A construction company contracted to build a power plant along the coast in Ghana was required to include an intake and outfall for cooling water of the power plant. The intake and outfall tunnels were to be drilled horizontally at about 10 m depth starting from the beach. As drilling tunnels should be done in solid rock while the retrieval of the drilling equipment can more easily be done in softer sediments where a simple hopper suction dredge would be capable to uncover the drilling equipment, the construction needed good geological information to optimize the tunnel routes. As the classical seismic and borehole information provided by the client where largely insufficient for the purpose they ordered an Aquares resistivity survey to generate a georeferenced 4D integrated ground model of the construction site subsurface.

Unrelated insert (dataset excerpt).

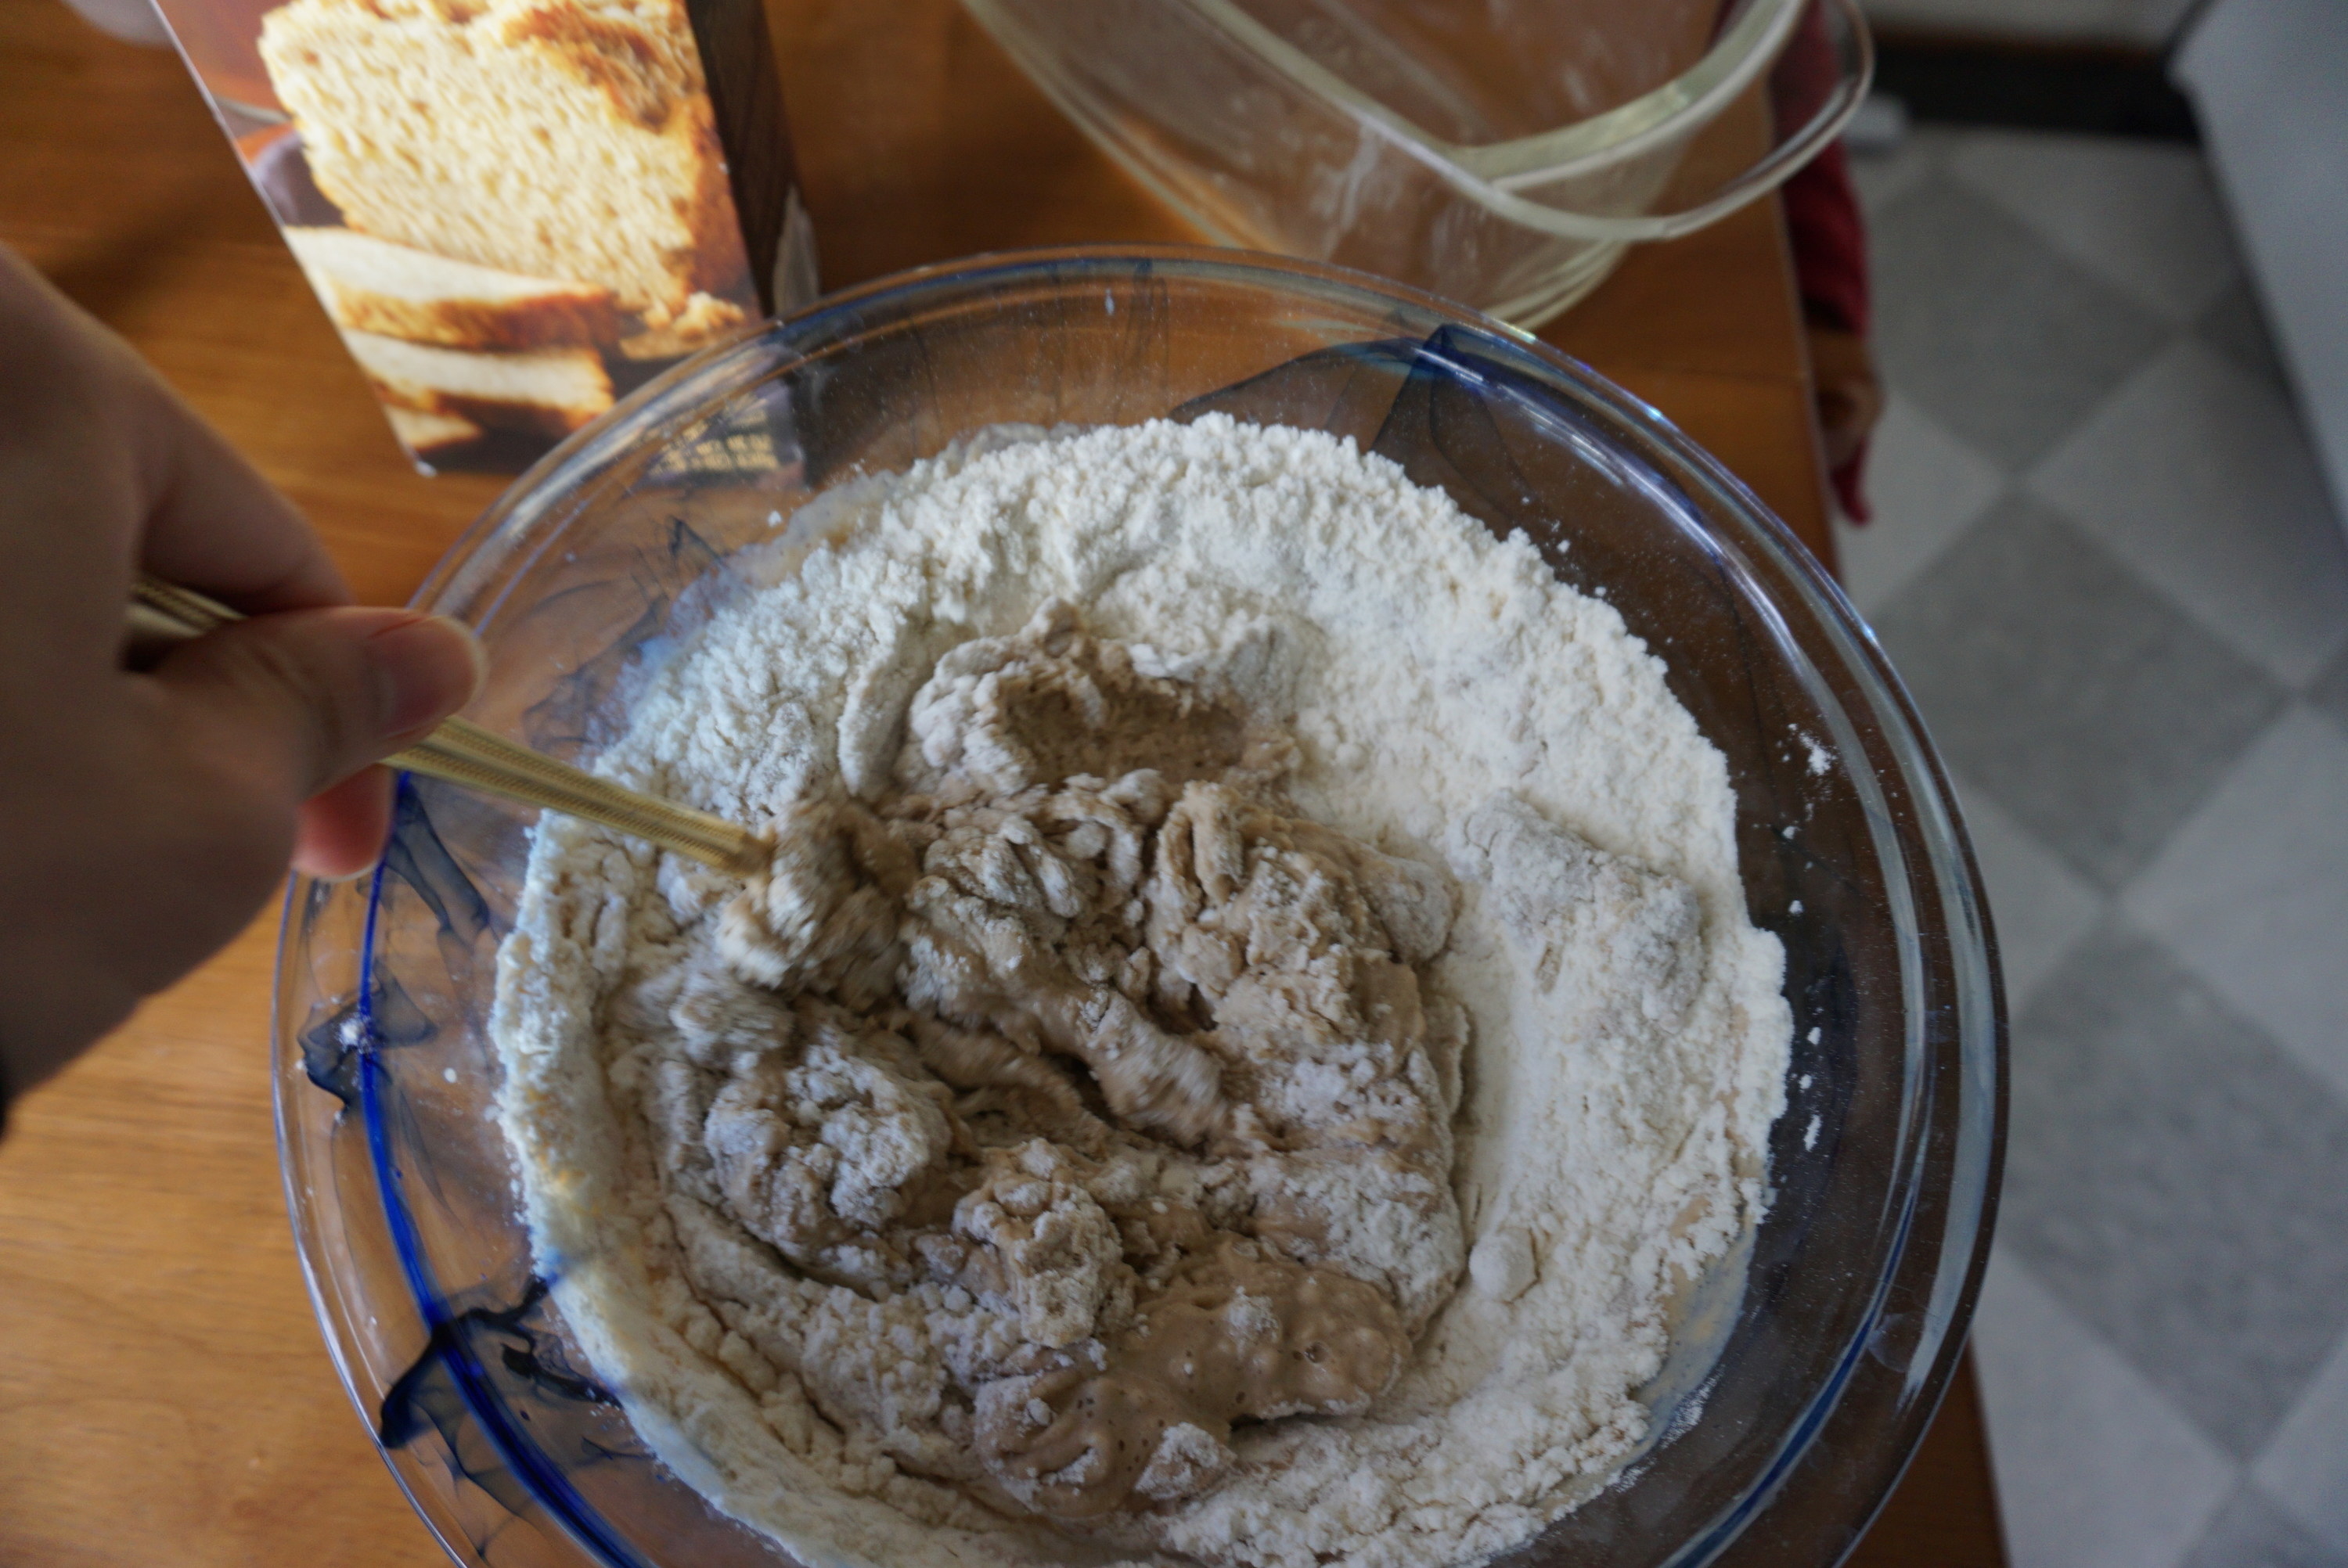 Author mixing the beer bread mix

The vertical resistivity sections generated across the 4D model clearly shows sold rock heads (high resistivity values) covered by weathered rock (intermediate resistivity values) and soft sediments (low resistivity values). The horizontal resistivity section at 2 m below seabed level shows the position and extent of a palaeoriver system filled with low resistivity soft sediments meandering in between solid and weathered rock heads.
Based on high quality resistivity information combined with borehole and other geotechnical information into a georeferenced integrated 4D ground model, the tunnel routes could be optimized saving millions of dollars in drilling and dredging costs.

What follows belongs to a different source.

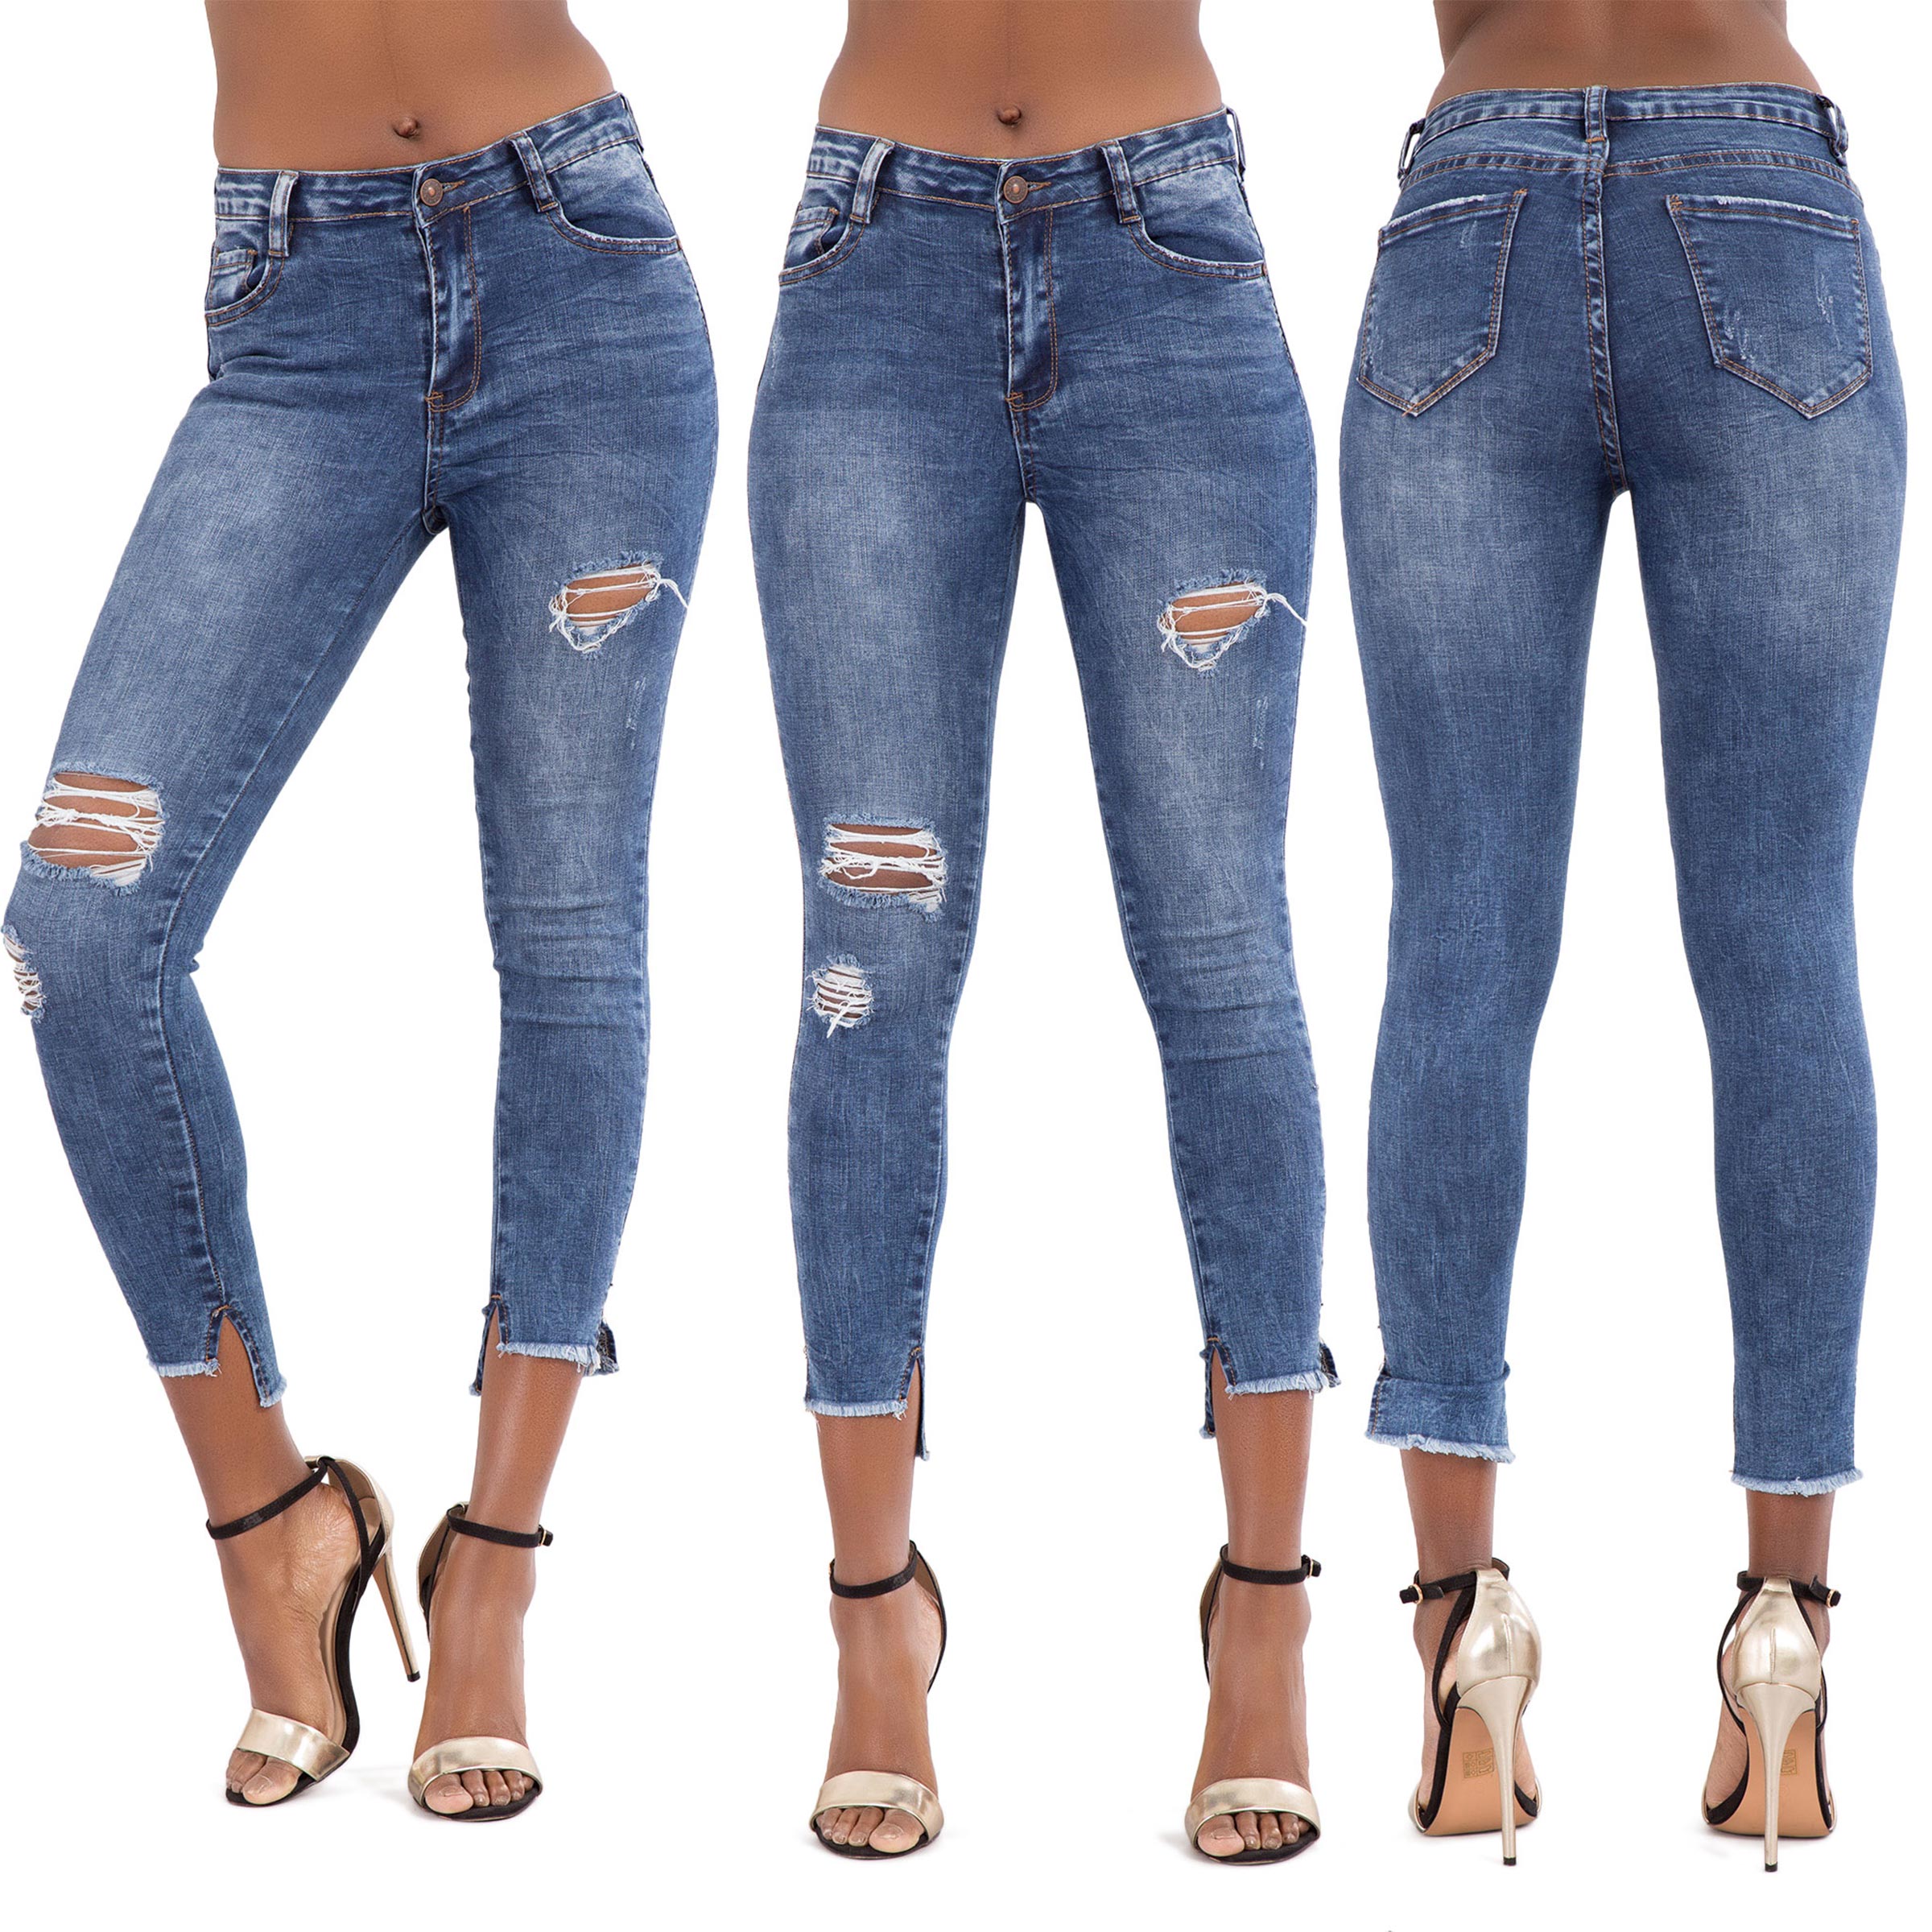 NEW WOMENS LADIES SKINNY FIT RIPPED JEANS FADED STRETCHY DENIM SIZE 6 ...

After several months of poor productivity on the Tshikapa river in the West-Kasai, DRC Congo, a diamond mining company decided they needed an Aquares resistivity survey to map the diamondiferous gravels in their concession. A complete 4D model of the river was realized in a 5×5 m2 grid. Low resistivity structures on the vertical resistivity section correspond with high grade old diamondiferous gravels resting on high resistivity bedrock and overlain by high resistivity washed out young (mobile) river gravels on the river bed
By focussing the dredging operations on the more promising geological structures as mapped in the 4D resistivity model, the productivity of the mining operations were significantly increased.
After a detailed site investigation involving a number of classical geophysical surveys and a borehole campaign, ACP (Autoridad del Canal de Panama) tendered a dredging project in the access channel leading to the Miraflores locks. A group of dredging companies interested in the project realised an additional investigation including an Aquares based integrated 4D ground model.
Some of the results are shown in the horizontal and vertical resistivity section of the picture shown. The vertical section shows the location and extent of hard basalt rock, softer mudstones and soft mud. The horizontal section shows the lateral extent of the geological formation at dredge level. It clearly shows a natural palaechannel cut into basalt rock by the Rio Chagres in his course from Lake Gatun to the Pacific Ocean in geological times when Pacific sealevels were far lower than they are now.
This type of high quality geophysical information complemented with a limited number of well targeted boreholes allowed the dredging contractor to accurately calculate the geological risks. As a consequence, this dredging project was awarded at only 30% of the original budget estimate suggested by ACP in the tender documents based on their own site investigation excluding advanced geophysics (Aquares) based integrated 4D ground modelling.